◆ YOUR INSTRUCTIONS
Pictures should be left out while the data beneath this task is written out word for word.

◆ SOURCE MATERIAL
*** Begin section ***

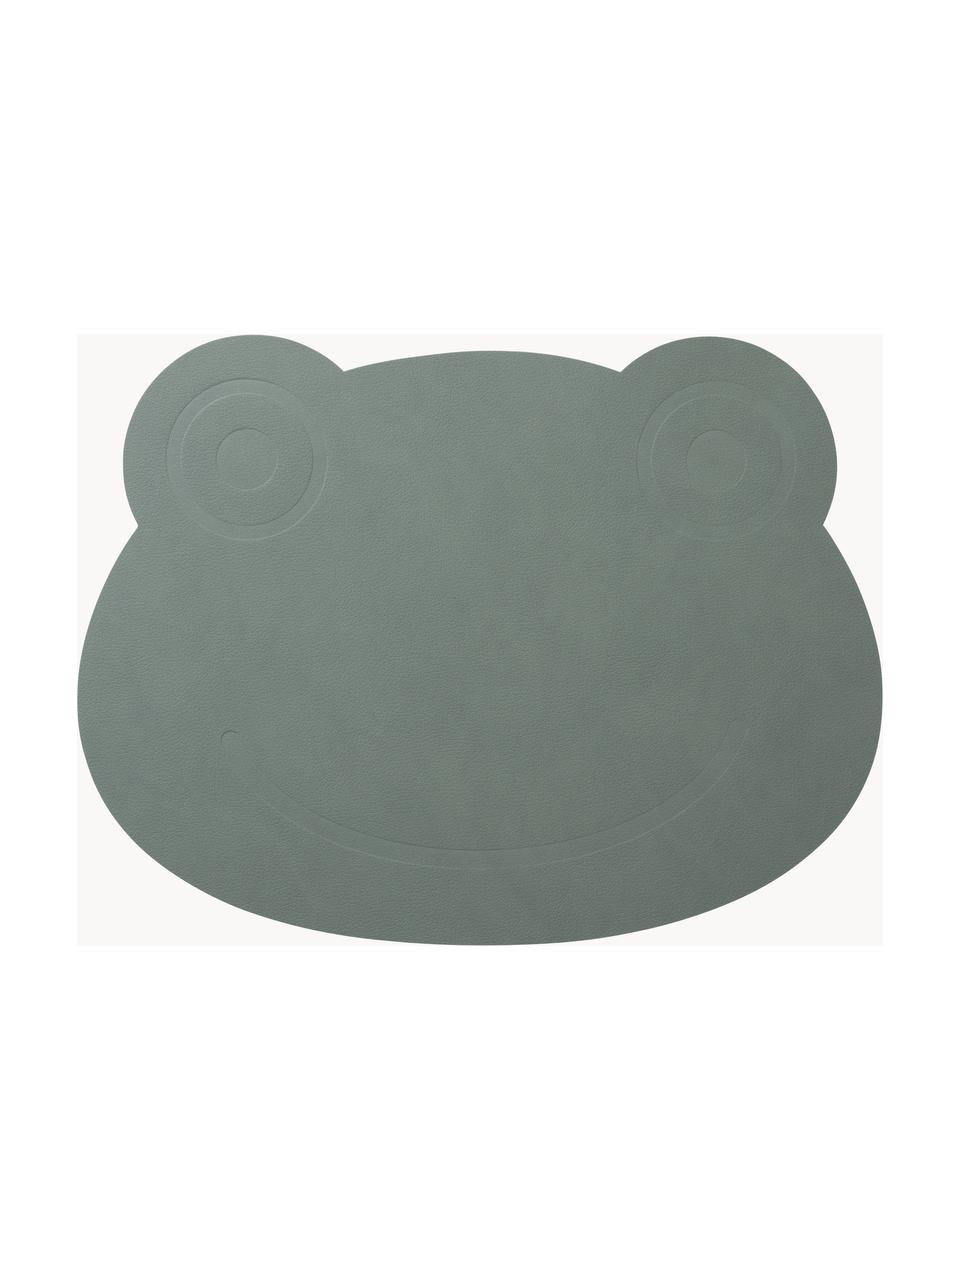 Leren placemat Frog, Kunstleer, rubber, Saliegroen, B 38 x L 28 cm
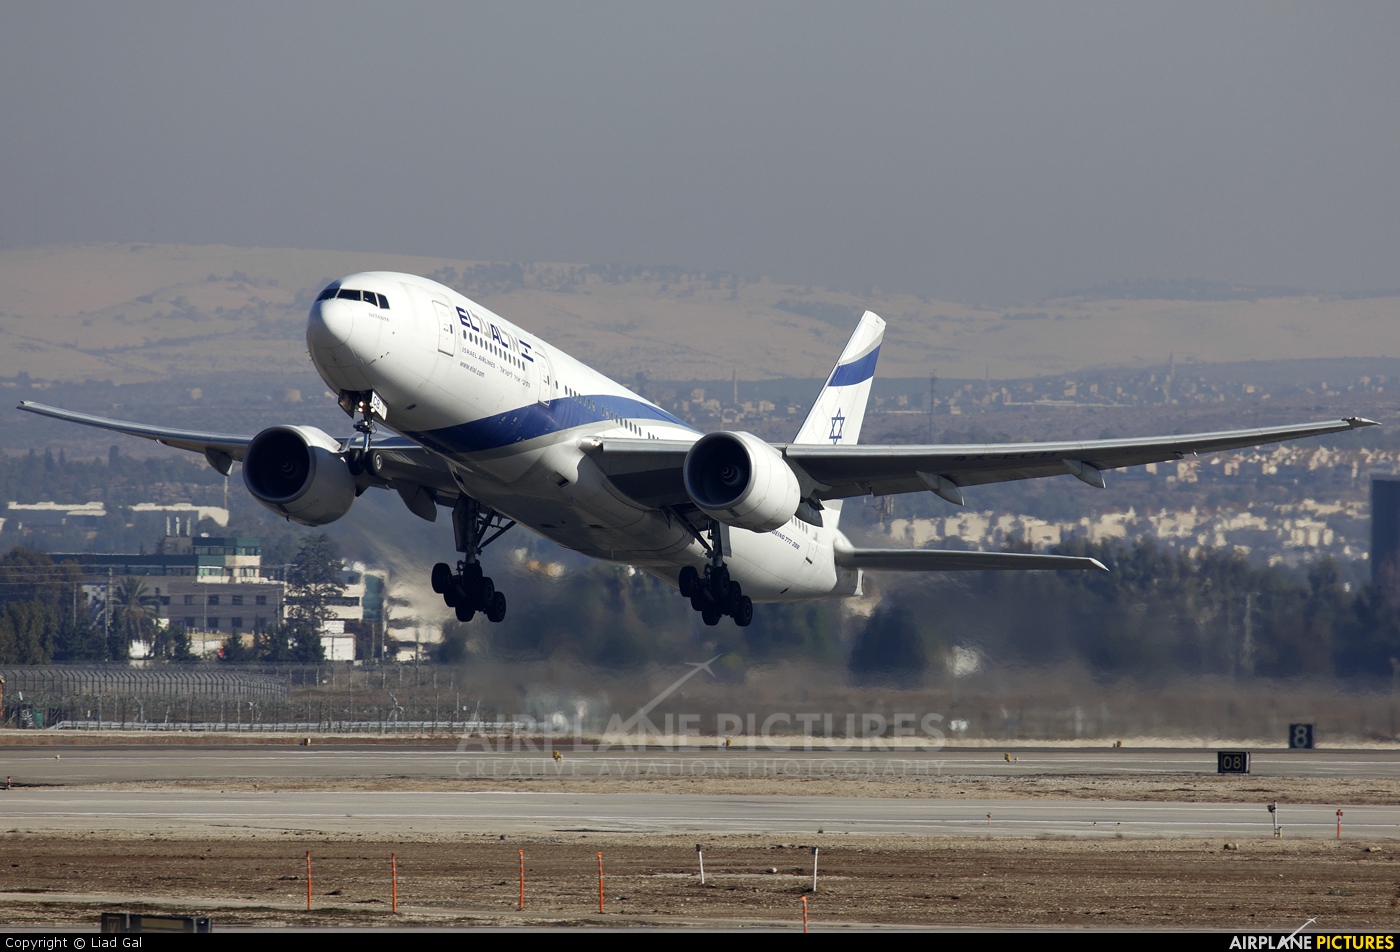 El Al Israel Airlines 4X-ECB aircraft at Tel Aviv - Ben Gurion
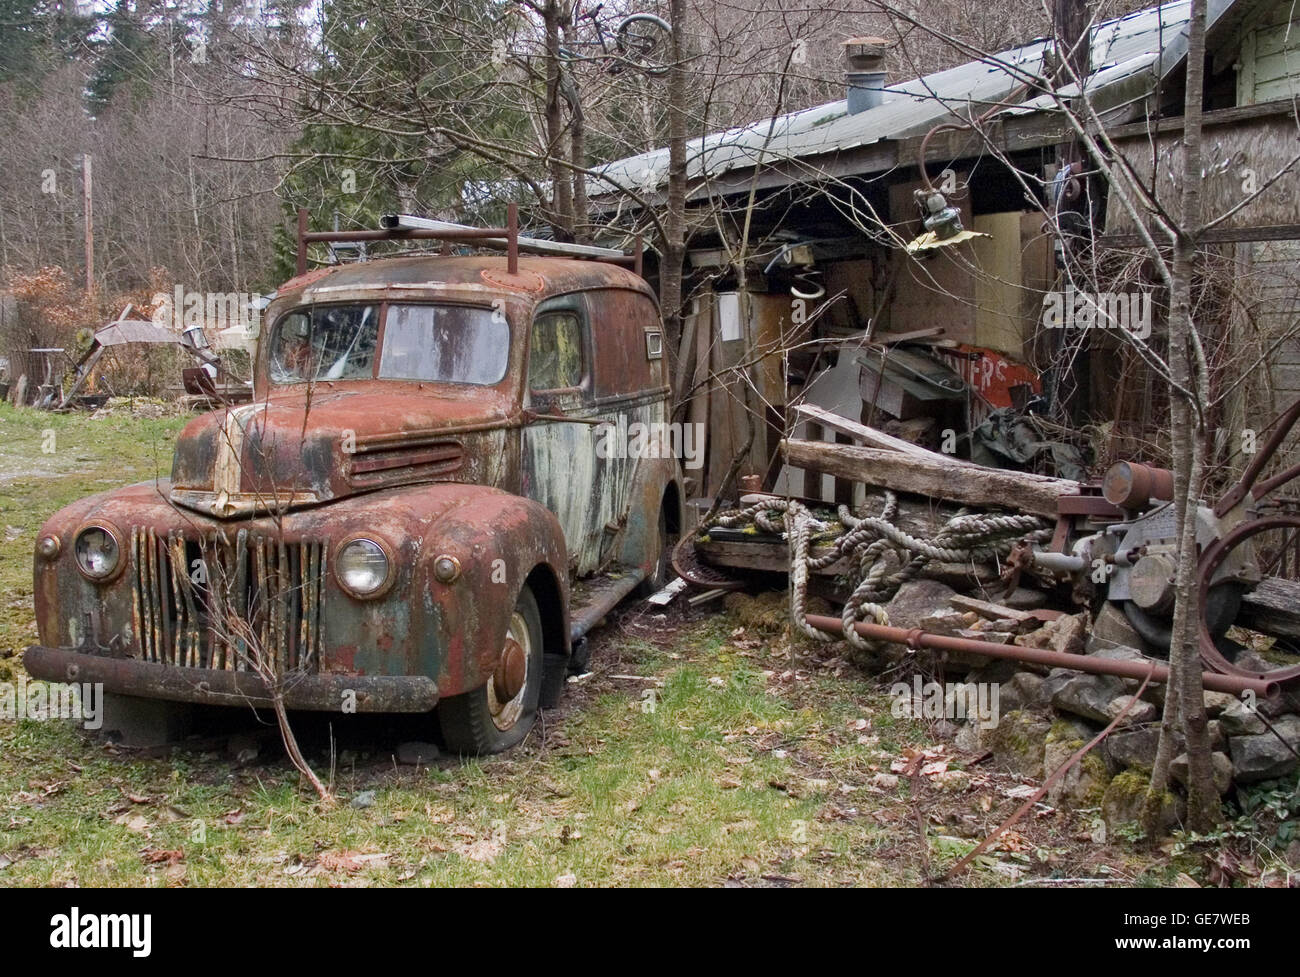 Un camion Ford abandonné et une résidence d'affaires déserte et délabrée fait le sujet de cette étude de photo nostalgique. Banque D'Images

*** End section ***

◆ OUTPUT OF THE TASK
 Leren placemat Frog, Kunstleer, rubber, Saliegroen, B 38 x L 28 cm
 El Al Israel Airlines 4X-ECB aircraft at Tel Aviv - Ben Gurion
 Un camion Ford abandonné et une résidence d'affaires déserte et délabrée fait le sujet de cette étude de photo nostalgique. Banque D'Images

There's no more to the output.